Retrouvez AfricaPresse.paris sur :
RSS

Outils

Pr A. MEBTOUL : « Au-delà du nouveau code d’investissement, l’Algérie a surtout besoin d’une stratégie de sortie de crise, évitant le replâtrage et le juridisme »

29 novembre 2021
Pr A. MEBTOUL : « Au-delà du nouveau code d'investissement, l'Algérie a surtout besoin d'une stratégie de sortie de crise, évitant le replâtrage et le juridisme »
En levant certains verrous, comme la loi 49/51, controversée depuis sa création en 2009, le nouveau code des investissements algérien suscite bien des espoirs pour la relance économique. Mais, pour qu’il soit vraiment efficace, c’est tout l’écosystème éco-social du pays qu’il faudrait revoir, estime le Pr Abderrahmane Mebtoul. Explications.

.

Une contribution du Dr Abderrahmane MEBTOUL (Oran),
Professeur des Universités, Expert international

.

Encore un nouveau code d’investissement en Algérie, après tant d’autres qui n’ont eu aucun impact sur la production et exportation hors hydrocarbures, ayant peu attiré les investisseurs étrangers, excepté dans le segment des hydrocarbures, mais avec une chute depuis 2018. Car l’attrait de l’investissement à forte valeur ajoutée ne saurait résulter de lois mais d’une réelle volonté politique allant vers de profondes réformes, une stabilité du cadre juridique et monétaire permettant la visibilité, et les pays qui attirent le plus les IDE n’ont pas de codes d’investissement.

Mon expérience et mes contacts internationaux aux plus hauts niveaux montrent : que le temps est terminé, des relations personnalisées entre chefs d’État ou de ministres à ministres dans les relations internationales où dominent désormais les réseaux décentralisés ; que dans la pratique des affaires n’existent pas de sentiments mais uniquement des intérêts, et que tout investisseur est attiré par le profit, qu’il soit américain, chinois, russe, turc ou européen.

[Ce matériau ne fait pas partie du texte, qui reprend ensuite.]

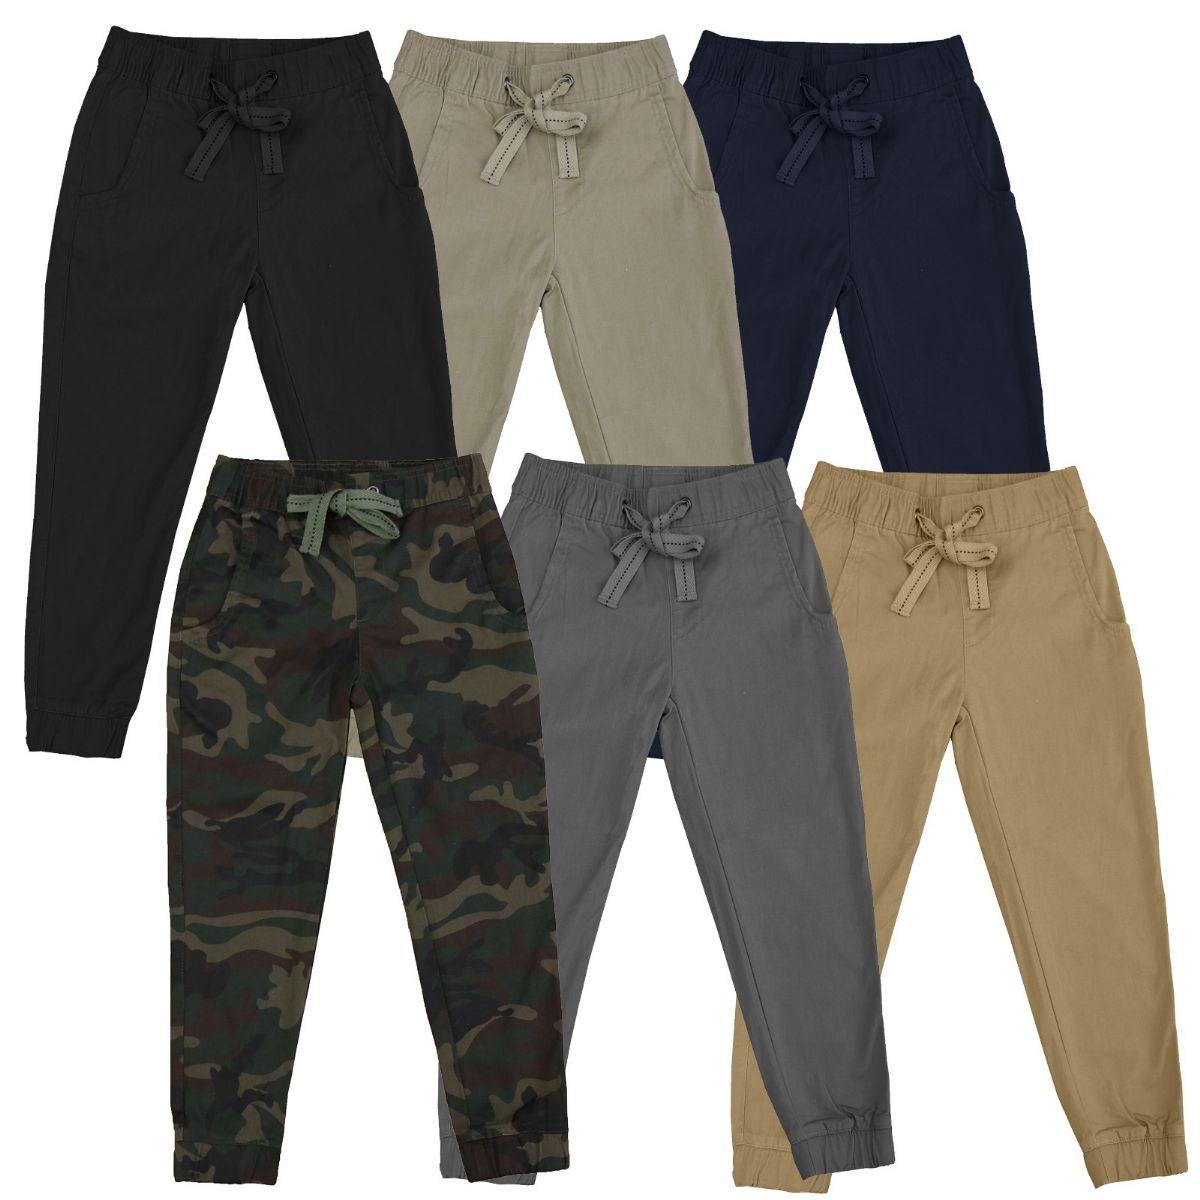 24 Pieces of Youth Boy Twill Jogger Pants In Assorted Colors Size L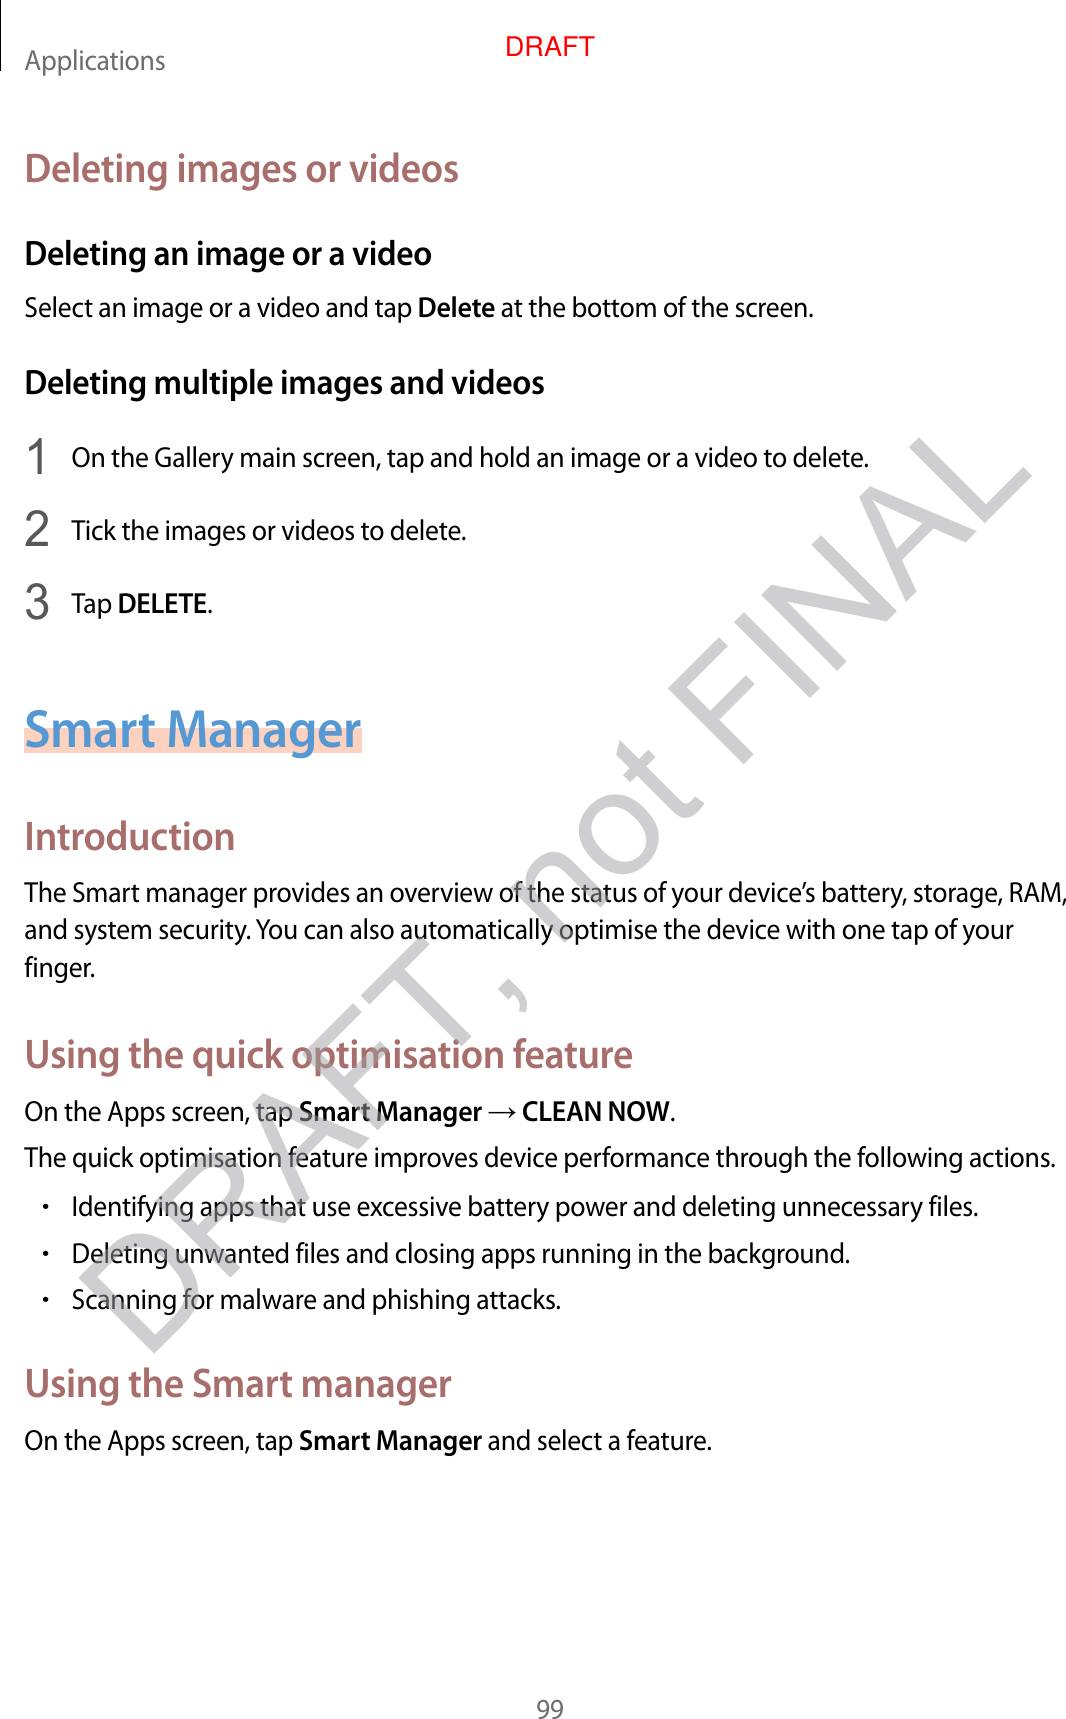 Applications99Deleting images or videosDeleting an image or a videoSelect an image or a video and tap Delete at the bottom of the screen.Deleting multiple images and videos1  On the Gallery main screen, tap and hold an image or a video to delete.2  Tick the images or videos to delete.3  Tap DELETE.Smart ManagerIntroductionThe Smart manager provides an overview of the status of your device’s battery, storage, RAM, and system security. You can also automatically optimise the device with one tap of your finger.Using the quick optimisation featureOn the Apps screen, tap Smart Manager  CLEAN NOW.The quick optimisation feature improves device performance through the following actions.•Identifying apps that use excessive battery power and deleting unnecessary files.•Deleting unwanted files and closing apps running in the background.•Scanning for malware and phishing attacks.Using the Smart managerOn the Apps screen, tap Smart Manager and select a feature.DRAFT, not FINALDRAFT

Il appartient ainsi à l’État régulateur, dont le rôle stratégique en économie de marché s’apparente à celui d’un chef d’orchestre, de concilier les coûts privés et les coûts sociaux. C’est par la méconnaissance des nouvelles règles qui régissent le commerce international que s’expliquent les nombreux litiges internationaux, avec des pertes se chiffrant en dizaines de millions de dollars.

.

Soixante ans de changements
de l’écosystème des entreprises publiques

.

L’économie algérienne a connu différentes formes d’organisation des entreprises publiques. Avant 1965, la forme d’autogestion était privilégiée ; de 1965 à 1980, nous avons eu de grandes sociétés nationales et de 1980 à 1988, il y a eu leur restructuration. Comme conséquence de la crise de 1986 qui vit le cours du pétrole s’effondrer, des réformes timides sont entamées en 1988 : l’État crée 8 fonds de participation, chargés de gérer les portefeuilles de l’Etat.

En 1996, l’État crée 11 holdings en plus des 5 régionaux, avec un Conseil national des privatisations ; en 2000, nous assistons à leur fusion en 5 méga holdings et la suppression du Conseil national des privatisations ; en 2001, nouvelle organisation : on crée 28 Sociétés de gestion des participations de l’État (SGP), en plus des grandes entreprises considérées comme stratégiques ; en 2004, ces SGP sont regroupées en 11 et 4 régionaux.

En 2007, une nouvelle organisation est à nouveau proposée par le ministère de l’Industrie et de la Promotion des investissements, articulée autour de quatre grands segments : des sociétés de développement économique qui relèvent de la gestion exclusive de l’État gestionnaire ; des sociétés de promotion et de développement en favorisant le partenariat avec le secteur privé international et national ; des sociétés de participation de l’État appelées à être privatisées à terme et, enfin, une société chargée de la liquidation des entreprises structurellement déficitaires. Cependant, en 2008, cette proposition d’organisation est abandonnée et est émise en 2009 l’idée de groupes industriels. Aujourd’hui, depuis 2018-2020, on semble revenir aux tutelles ministérielles laissant peu d’autonomie aux entreprises…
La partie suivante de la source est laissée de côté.